"It's generally thought that the presence of antibodies in the kidney indicates a problem with the immune system," Shaw says. "But our data suggest that antibodies and other proteins from the blood may normally pass through or become trapped in the filters of the kidney and that an important process is the removal or clearance of these proteins from the kidney."
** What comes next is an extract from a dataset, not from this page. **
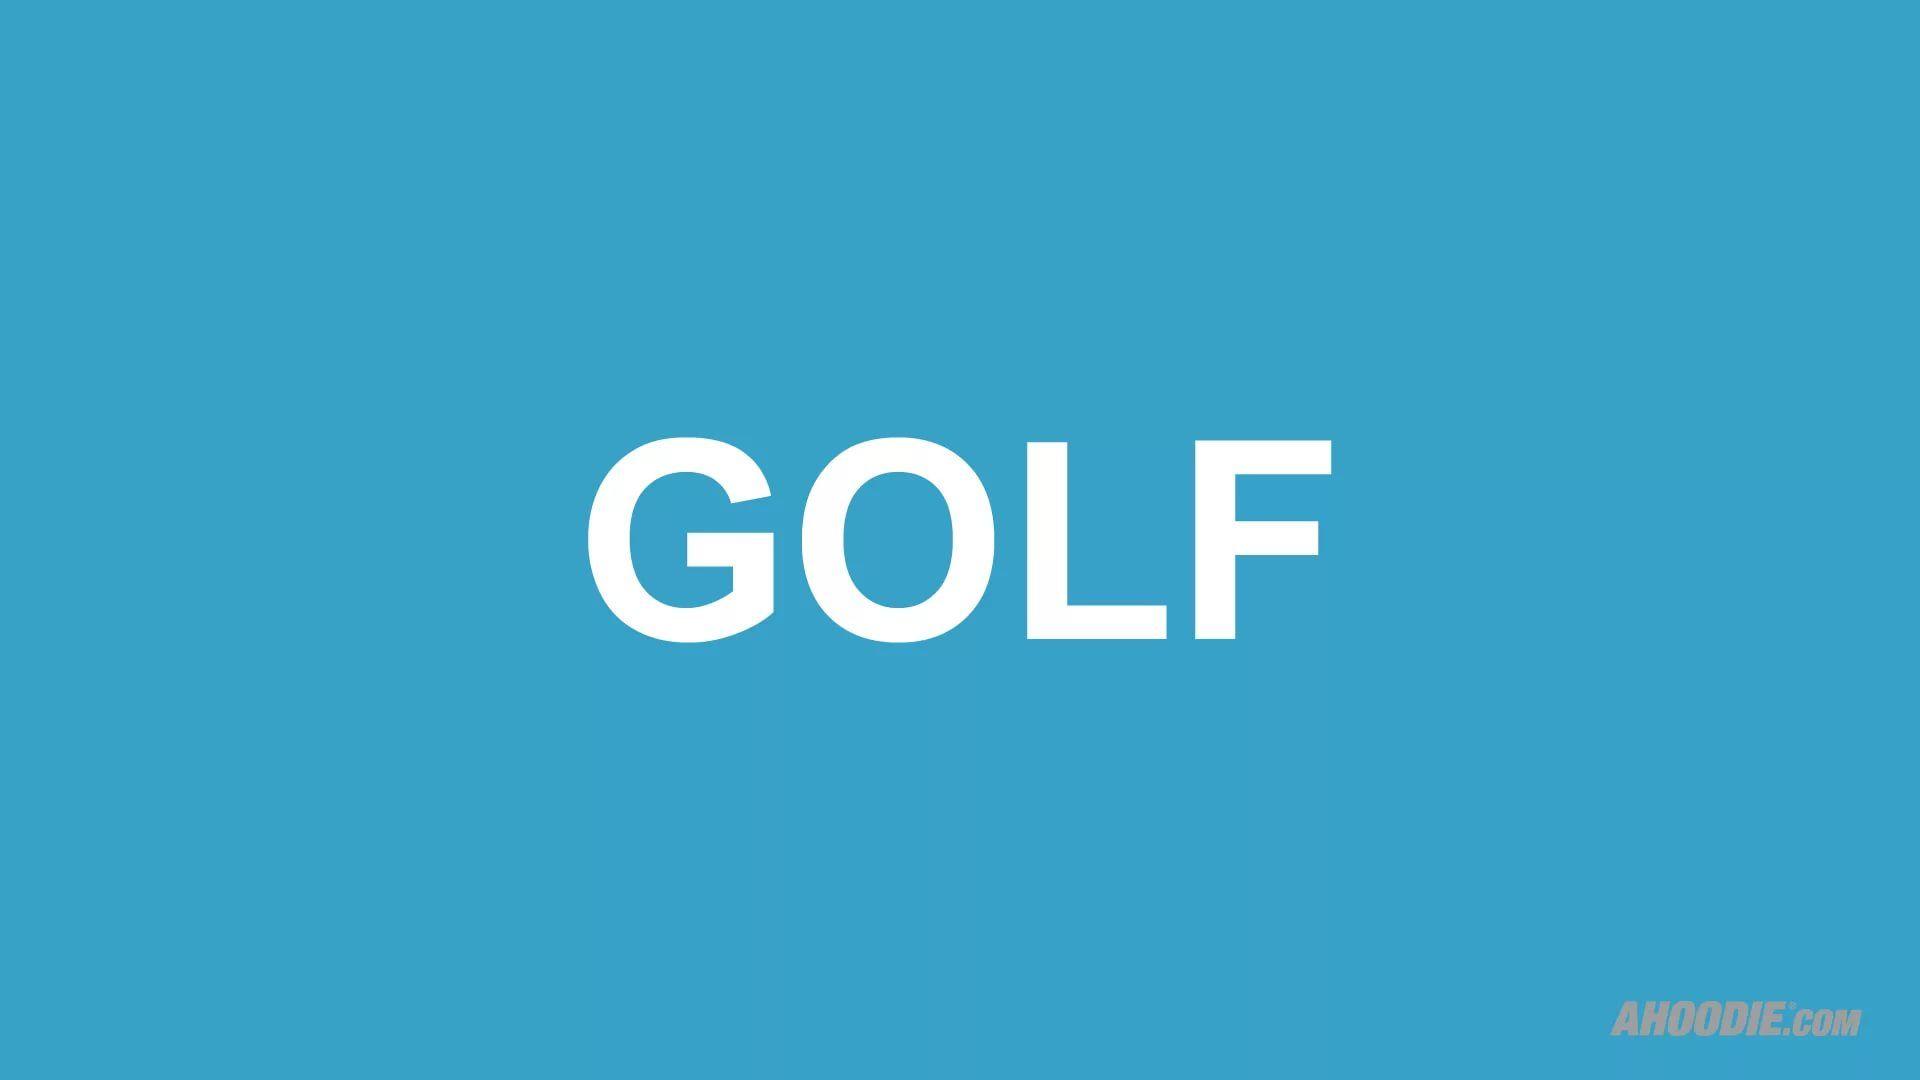 Golf Wang Desktop Wallpaper
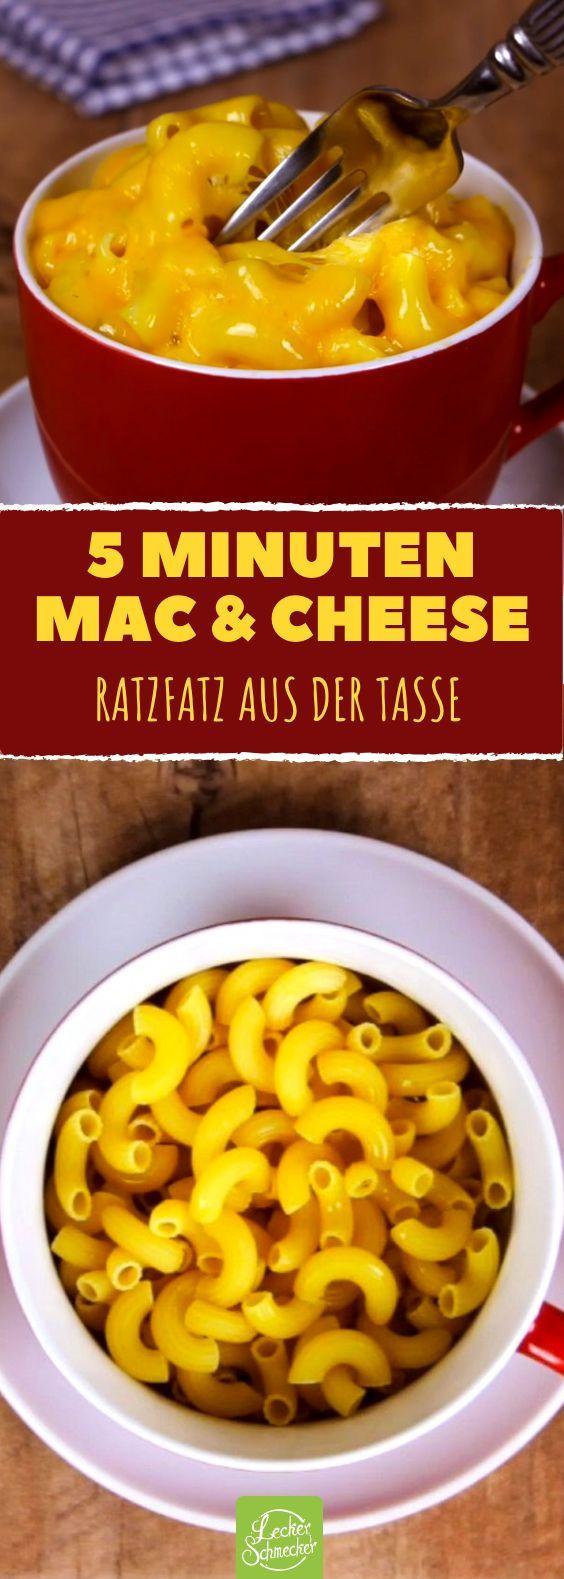 Mac and Cheese Pasta als super schnelles Tassen Rezept aus der Mikrowelle - Finomságok a konyhából -

The glomerular abnormalities in mice lacking one copy of CD2AP are very similar to a disease in humans called focal segmental glomerulosclerosis (FSGS), one of the most common forms of kidney disease. FSGS afflicts both children and adults, is more prevalent in African Americans and can be triggered by chronic infections such as HIV. Currently, the disease has no treatment or cure.
Shaw and his colleagues examined DNA from 45 African Americans with FSGS, 15 of whom also had HIV. They compared these individuals with 45 African Americans with HIV who did not have kidney problems. Ten of the individuals with FSGS had DNA changes in the CD2AP gene that were not found in the control group. Two of these patients had a genetic mutation that would be expected to block one of the two copies of their CD2AP gene, consistent with the idea that inheriting only one copy of the gene can lead to kidney disease.
"I think there are going to be many genes identified in the future that are involved in the clearance of these proteins from the kidney," Shaw says. "In this case, we identified at least two patients that lack one copy of CD2AP. We hope that more knowledge about such mutations will help us identify individuals predisposed to develop these diseases and potentially prevent them from becoming sick."